2) By using the 2 drive wheels to steer, you get the robot to move in place
should you need to. It could rotate about it's
vertical axis in place, most likely. With the servo steering wheel approach, you
have to move either forward or backward in order to
Well, all of these are just suggestions. Once you do some actual building you
learn even more!
Have fun !
I have a bot that uses a variation on this. It uses two large wheels in
back, each driven off it's own motor and the front wheel is a simple
swiveling caster. It's easy to control by varying the relationship of
the drive to the right and left wheel motors, it is very maneuverable.
Ok I think I will go with the differential system, Yes I have two motors so
how would you make that, I will just use the front wheel as a castor for
balance, Why would I need a micro-controller?
I forgot to say why, sorry about that.
I mentioned a microcontroller because you need something to be used as the
brains of your robot. It doesn't *have* to be a
microcontroller, I just assumed that was the best solution because I assumed
your bot is small - say less than 1 square foot of
space to mount various components on.
One alternative - and I have done this for development purposes - is to tether
your robot with a cable to a PC and control it
directly from your PC instead of using a microcontroller onboard the bot
itself. But even so, many speed controllers are designed
to work with pulses and/or other signals that are easily downloaded to a
microcontroller from a PC.
It all depends on what you want your bot to do. A good start is to just have it
follow along a wall using whatever sensors you want
to start with.
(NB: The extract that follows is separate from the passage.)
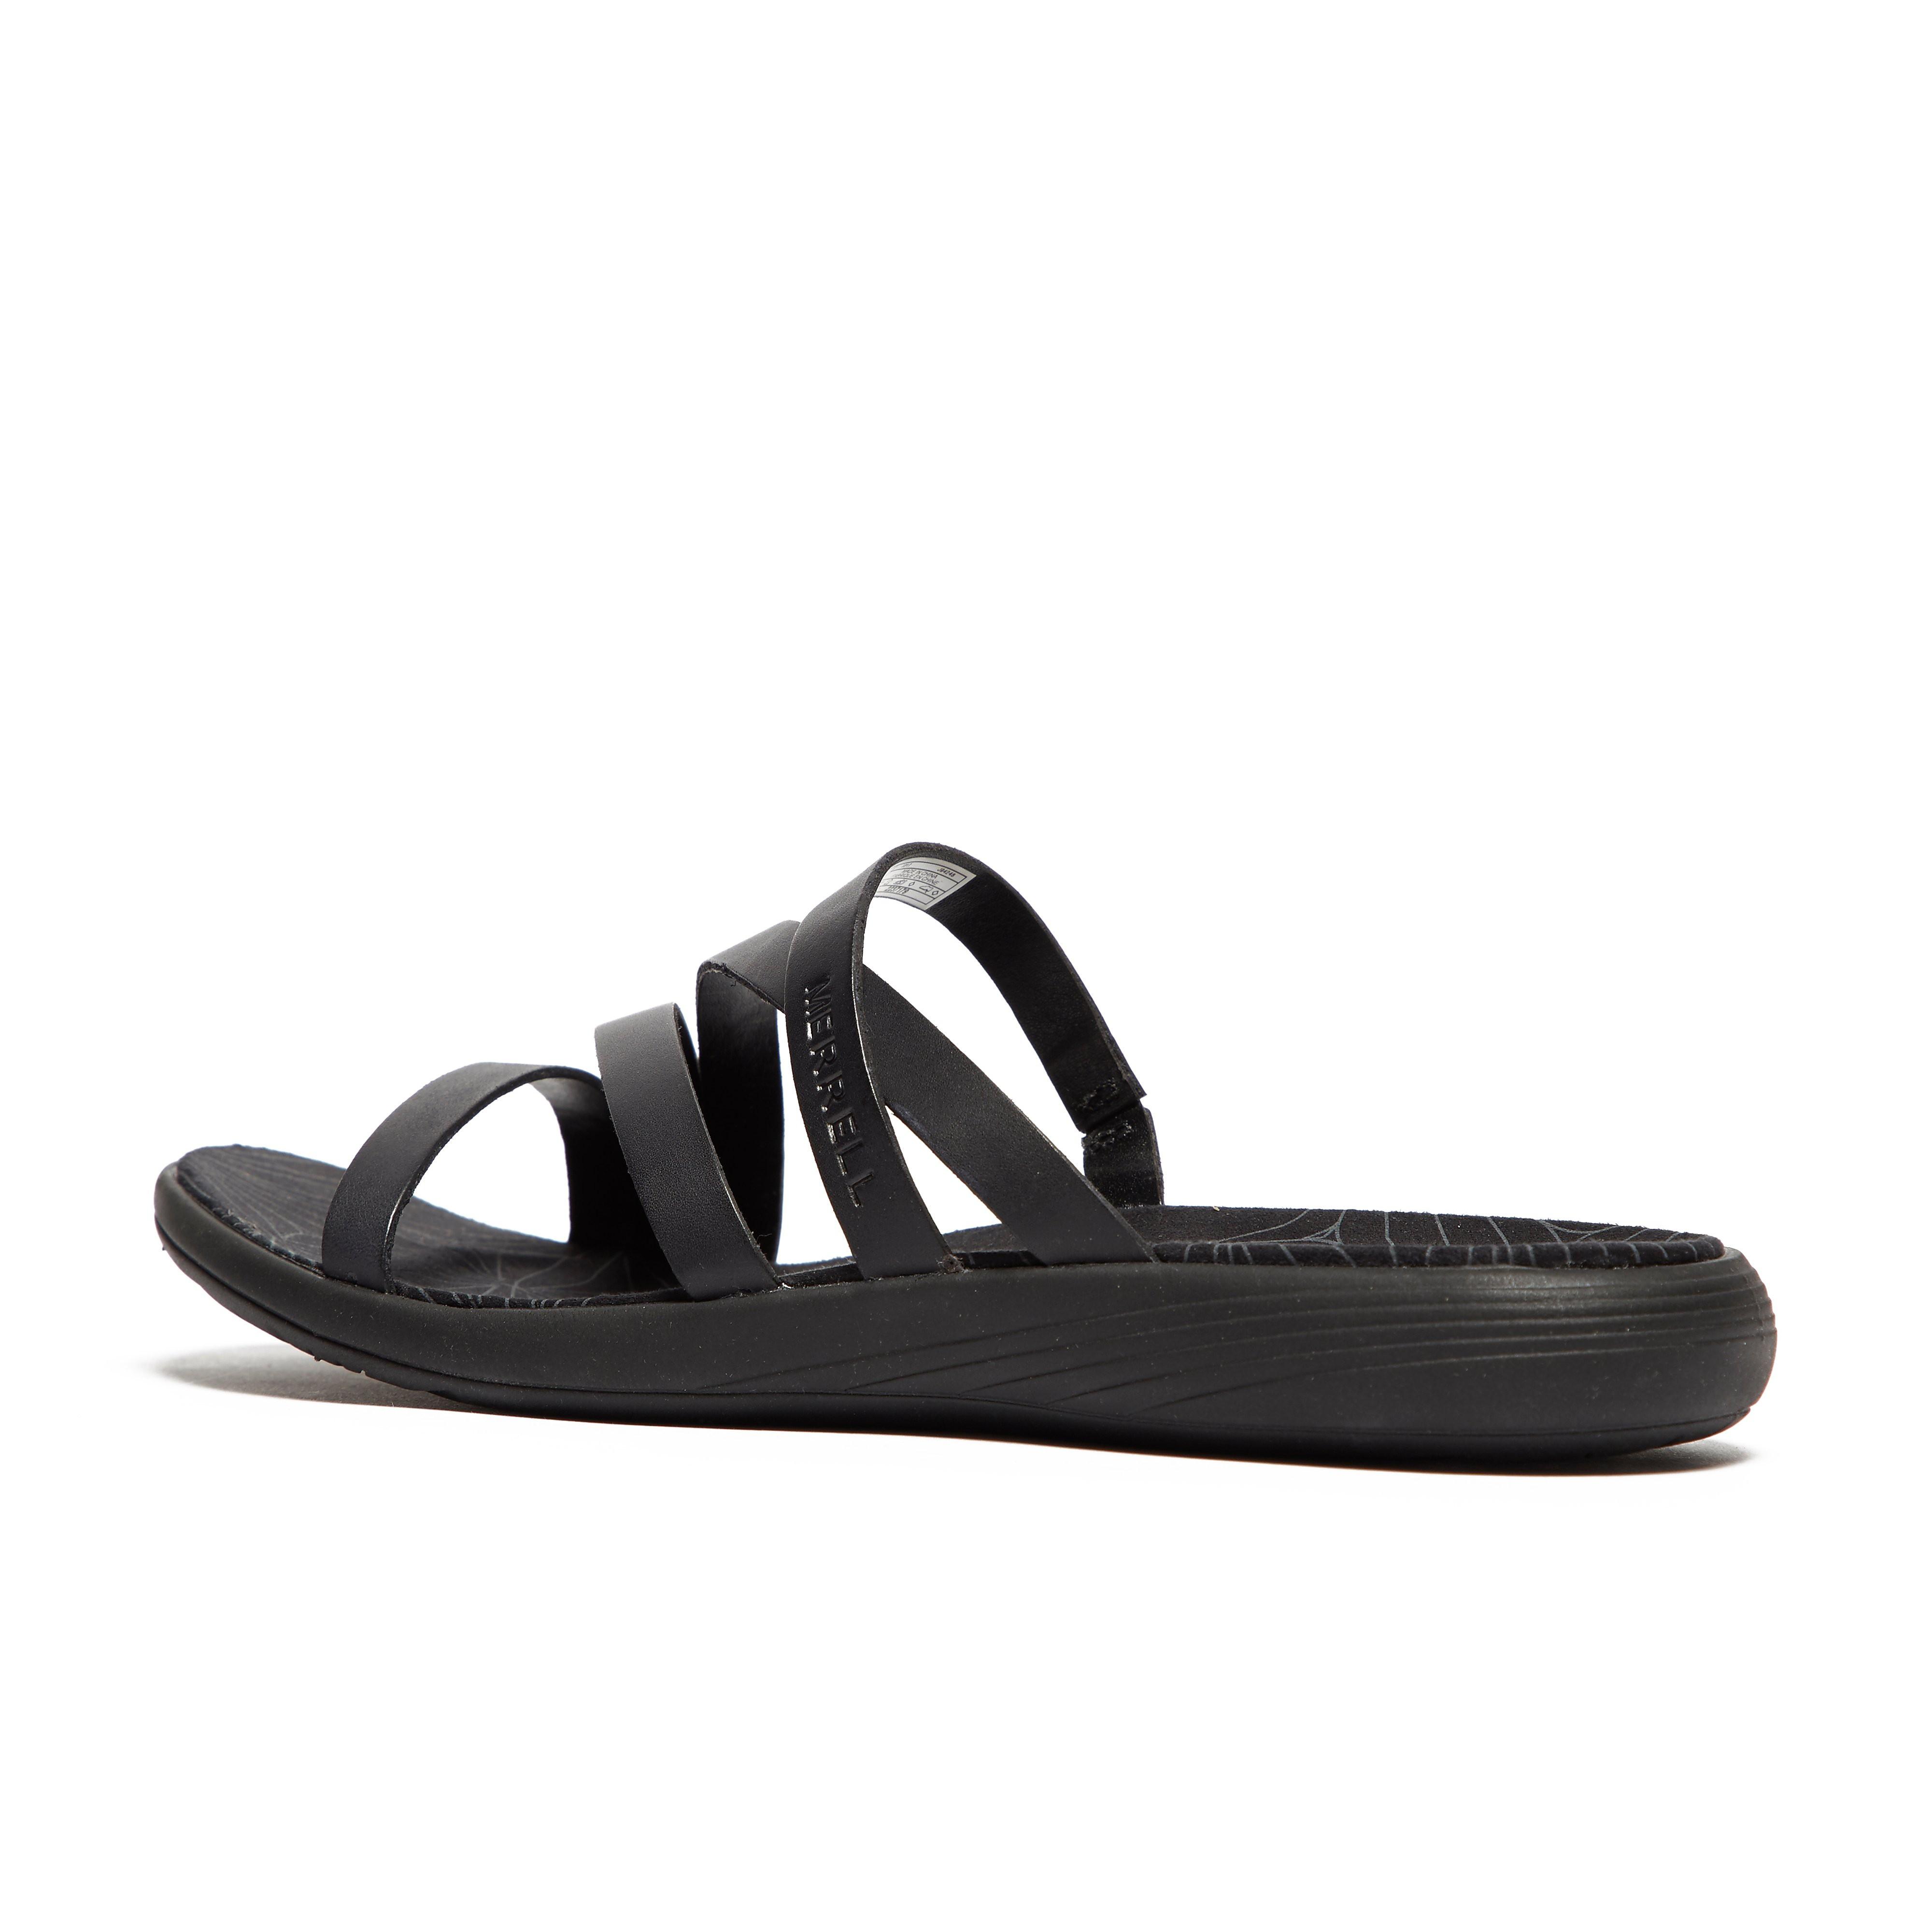 Merrell Duskair Seaway Leather Slide Women's Walking Sandal

Some bots use "whiskers" to feel along the wall; some use
infrared sensors to measure the distance; others use sonar
to measure the distance. Once you get comfortable getting your robot to do
things like that, you can move on to more complicated
tasks such as finding a beacon, navigating with vision, etc.
If you can post some description of what you want your bot to do I am sure
people on this newsgroup will be glad to provide more
assistance and guidance.
You might still need one; or you might not. It all depends on exactly what you
want the robot to do. I'd say you need to outline
that first and then we all can help you more on this newsgroup.
Good luck !
You don't *need* a microcontroller if you're using regular DC motors
(and not R/C servo motors) for the drives. You can hook up wired
switches as a test. This lets you "drive" the robot around the room with
only you controlling it. You need double pole, double throw switches
with a center off position for this. Use Google to look up how to wire
up these kinds of switches to a motor, or look on page 256 of the Second
Edition of my book, Robot Builder's Bonanza for a picture.
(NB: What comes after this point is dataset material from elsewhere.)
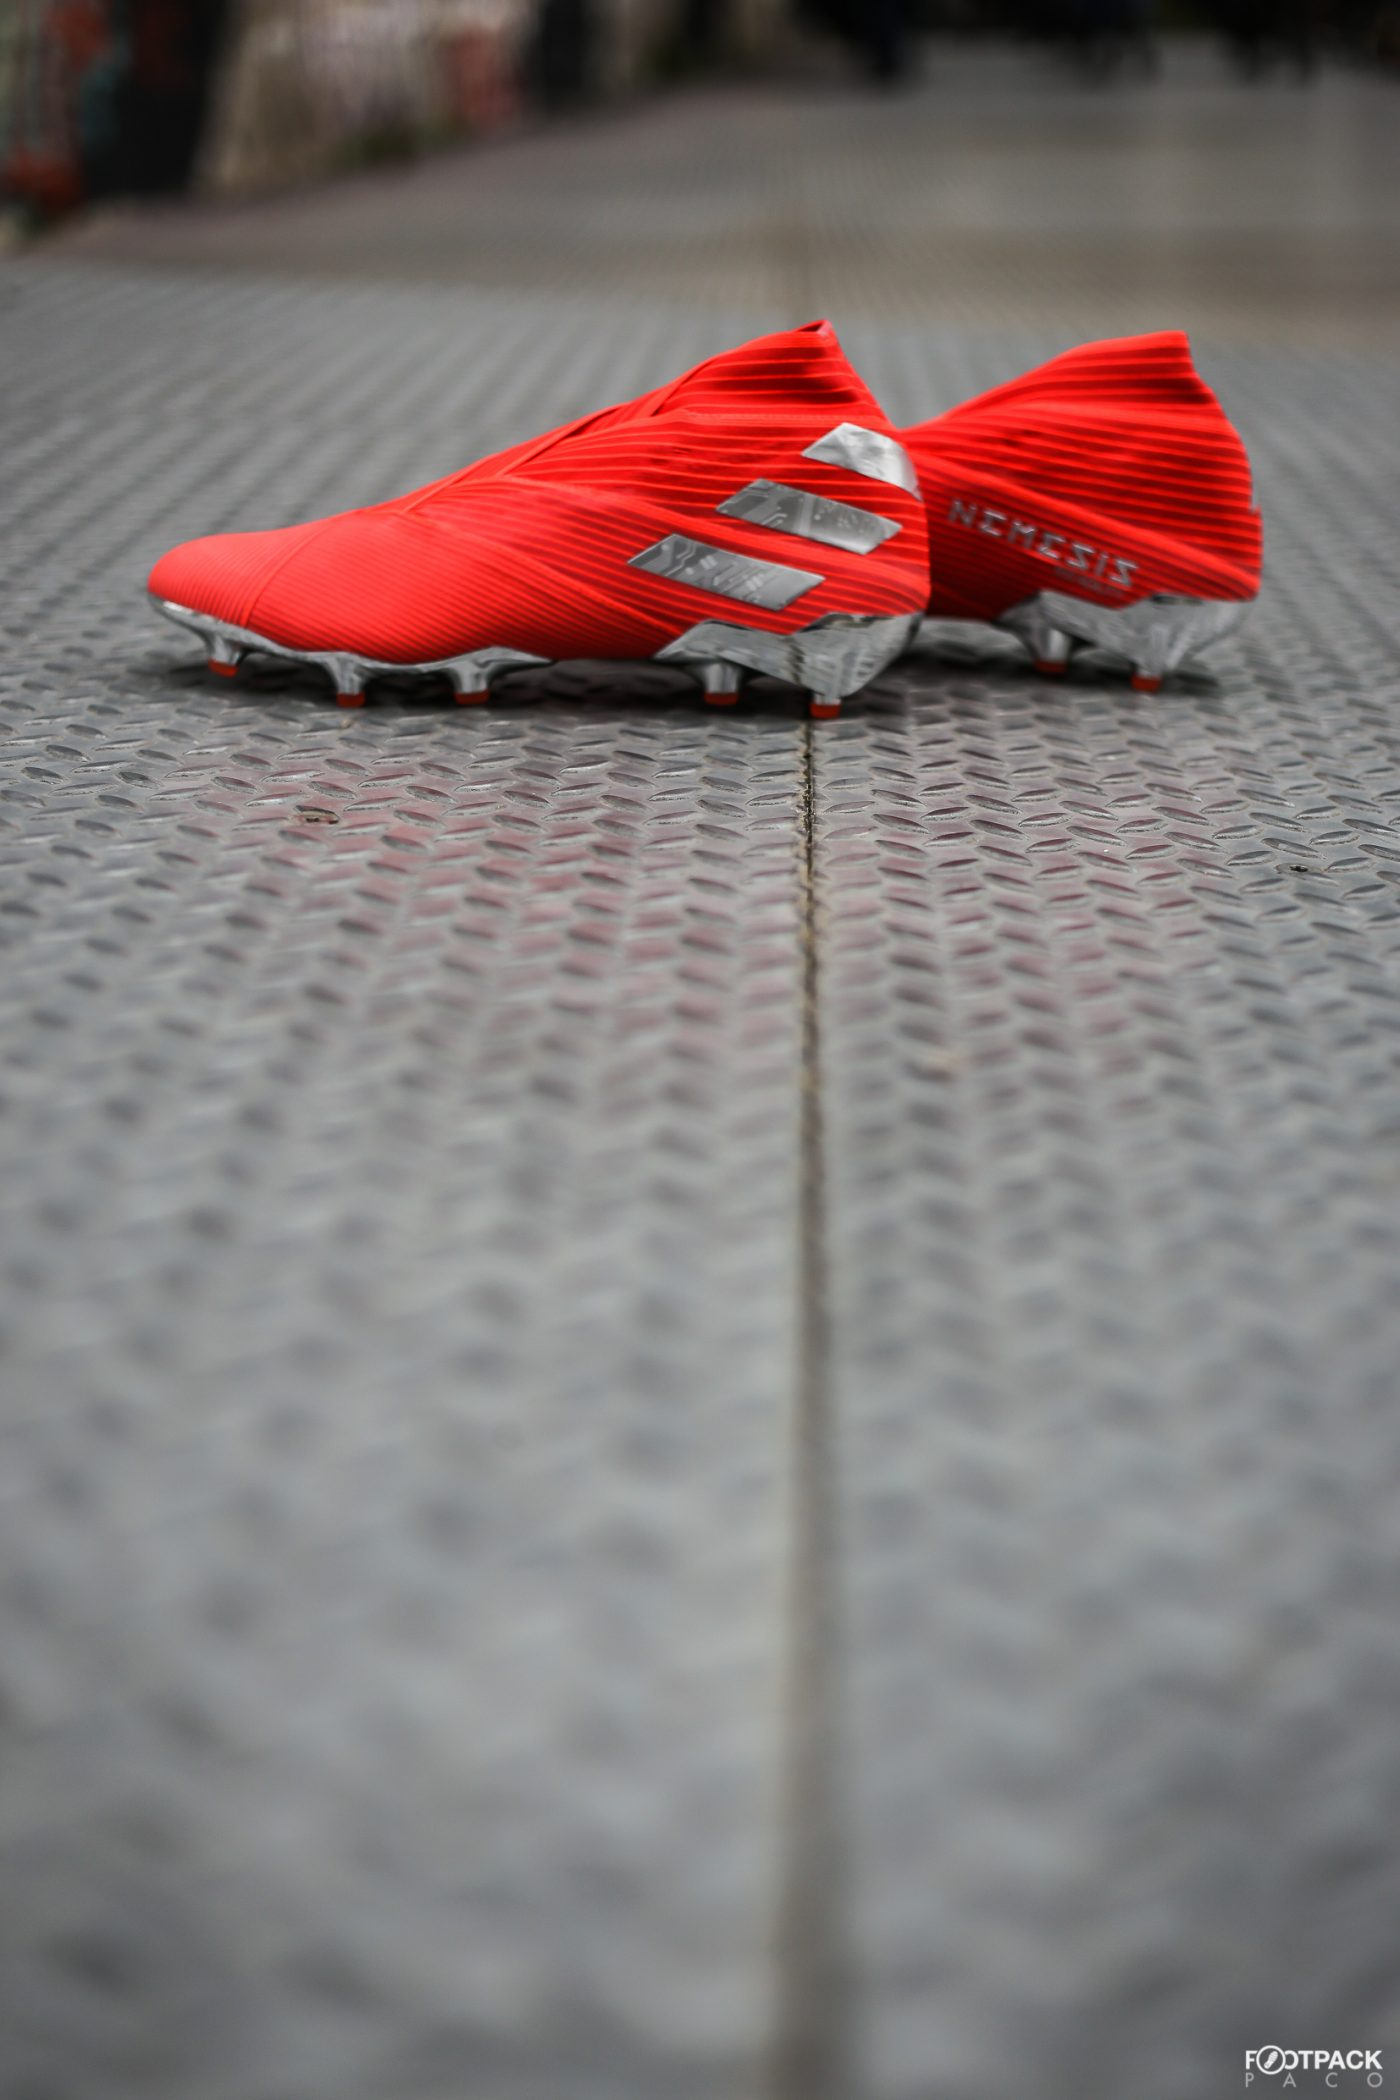 adidas-nemeziz-19-nemeziz19+-mai-2019-footpack-5

(Go to Amazon.com here: (Amazon.com product link shortened) />/,
click the Search Inside This Book link, type in "dpdt" -- no quotes --
as the search string, then find the lnk to page 256.)
When you tired of manual control you can use whatever control circuit
you want, which may indeed include a microcontroller. You will, of
course, also need a motor driver circuit, which provides the current
needed to operate the motors. But worry about that after you get the
You don't need a micro-controller for the RC car that you mentioned in
another post. The micro-switch arrangement mentioned by Gordon will be
usable if your vehicle is not too fast. Another way to do this is to use
a pair of reversable speed controls for RC cars and an aircraft radio
with elevon mixing capability. Another possibility is a dual channel,
mixing speed control like the Roboteq one, but it will be more money.